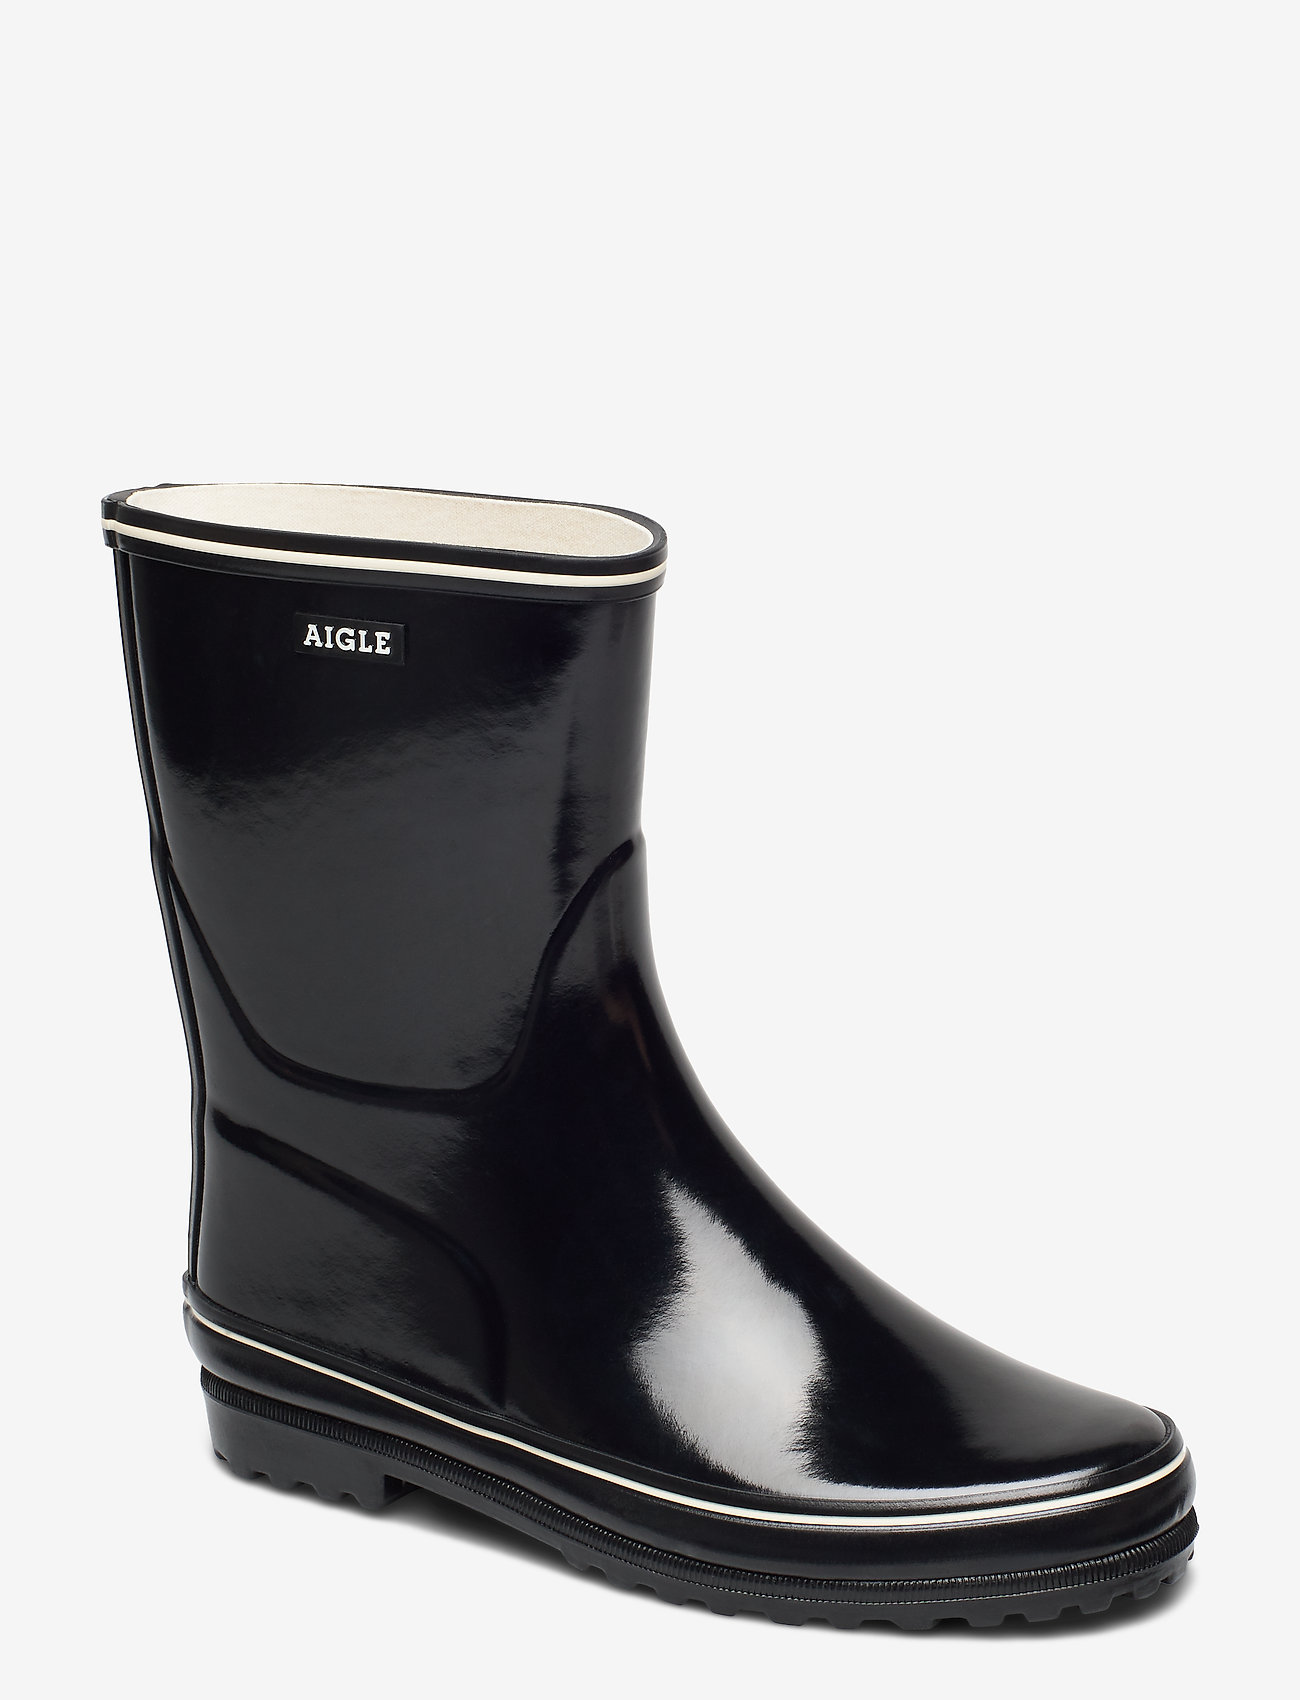 Aigle - AI VENISE BOTTIL NOIR - schoenen - 24529 - 0
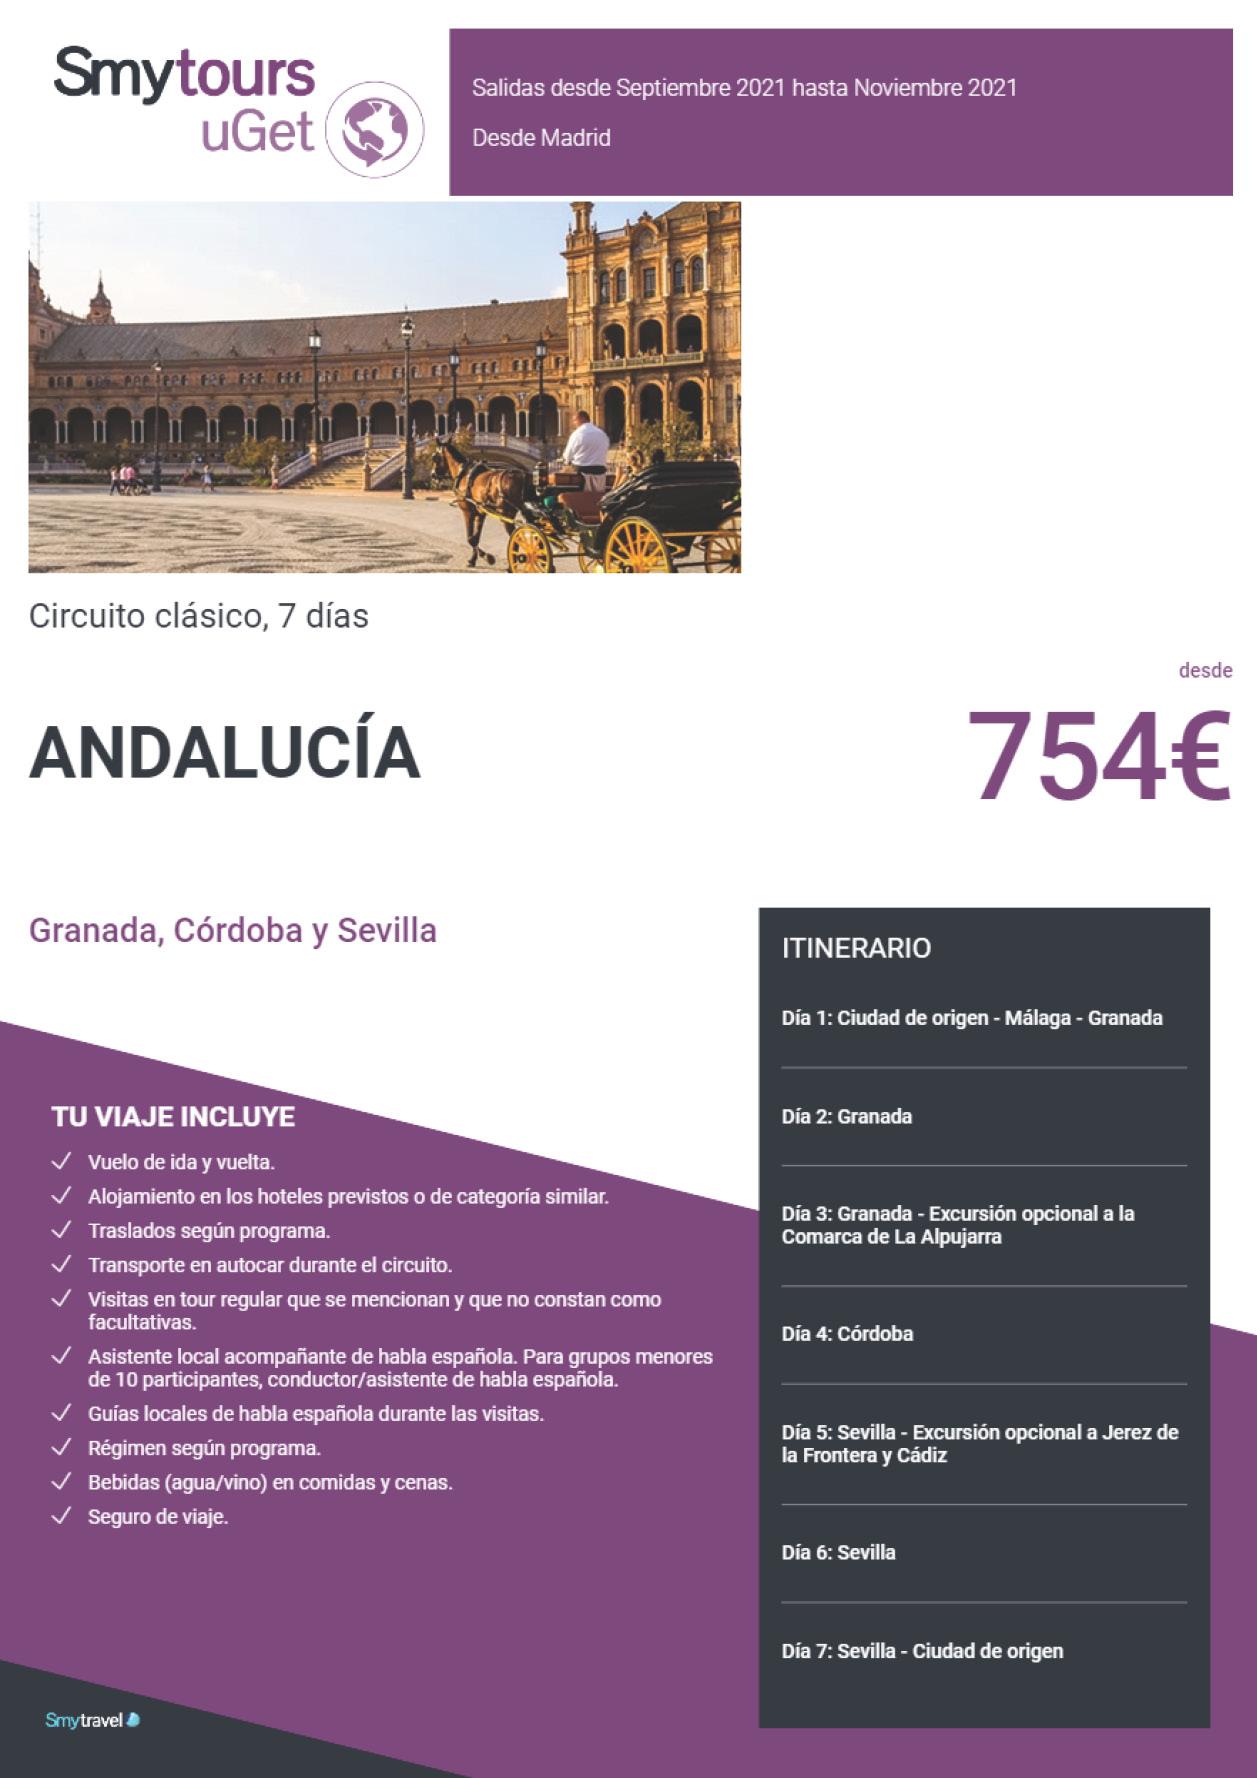 Oferta Smytravel Circuito Granada Cordoba y Sevilla 7 dias salidas Madrid desde 754 €
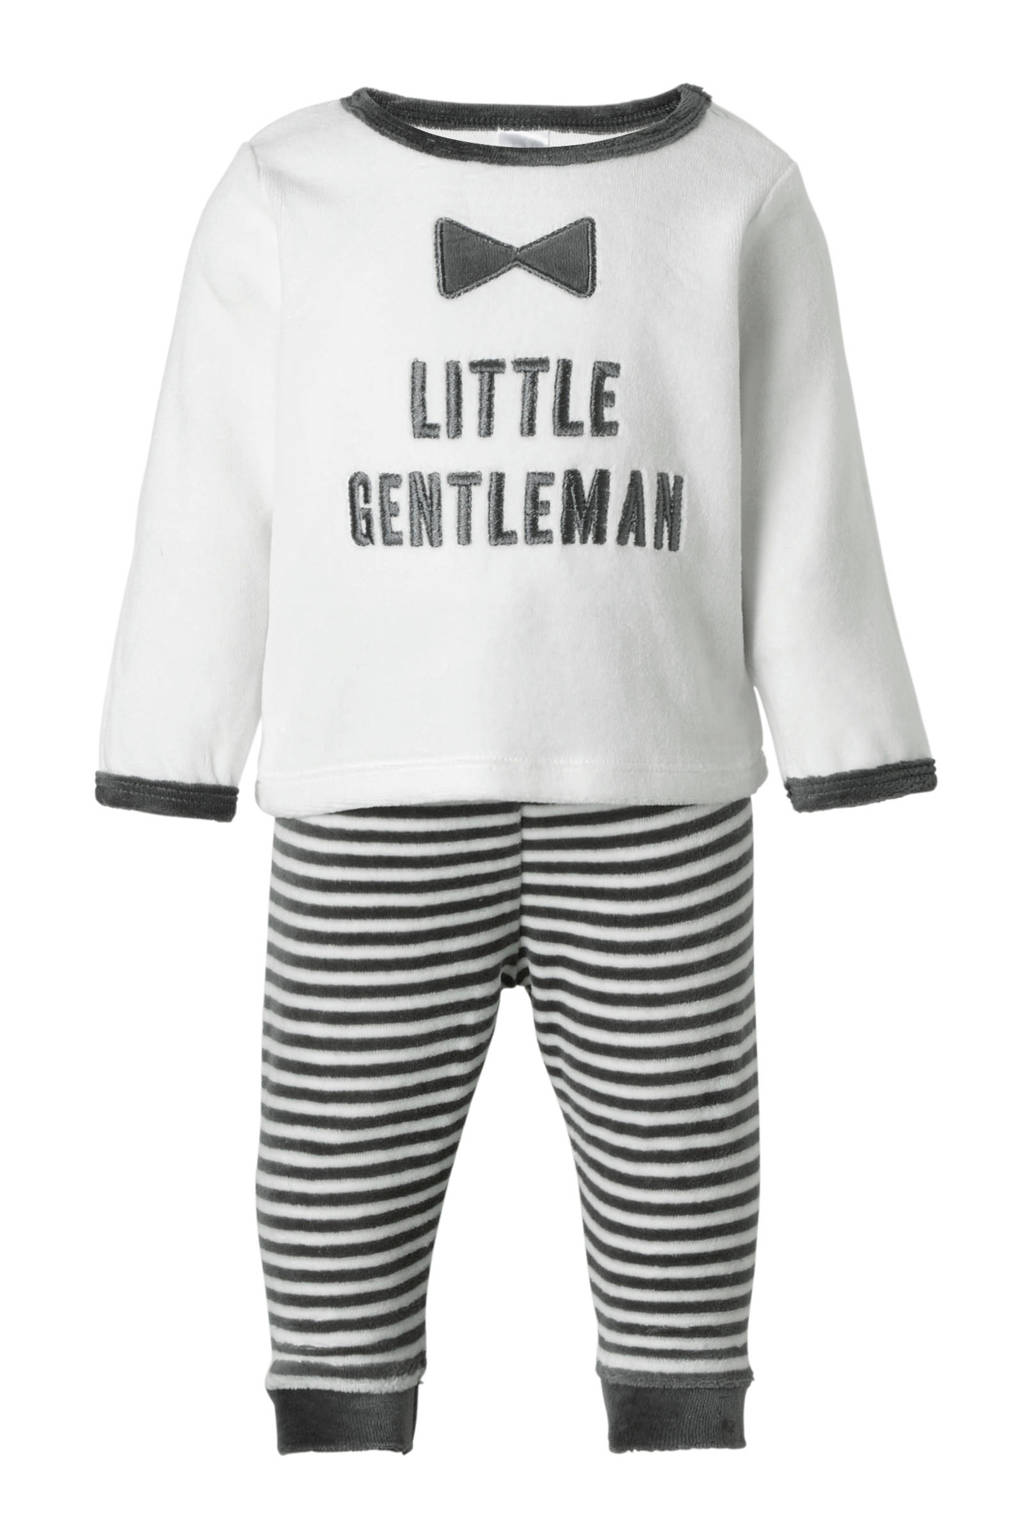 C&A Baby Club   velour pyjama met tekst en strepen, Wit/grijs

#### [Task goal]
A word-for-word copy of the data, without its pictures, is what is needed.

#### [Answer to the problem]
 Aigle - AI VENISE BOTTIL NOIR - schoenen - 24529 - 0
 Oferta Smytravel Circuito Granada Cordoba y Sevilla 7 dias salidas Madrid desde 754 €
 C&A Baby Club   velour pyjama met tekst en strepen, Wit/grijs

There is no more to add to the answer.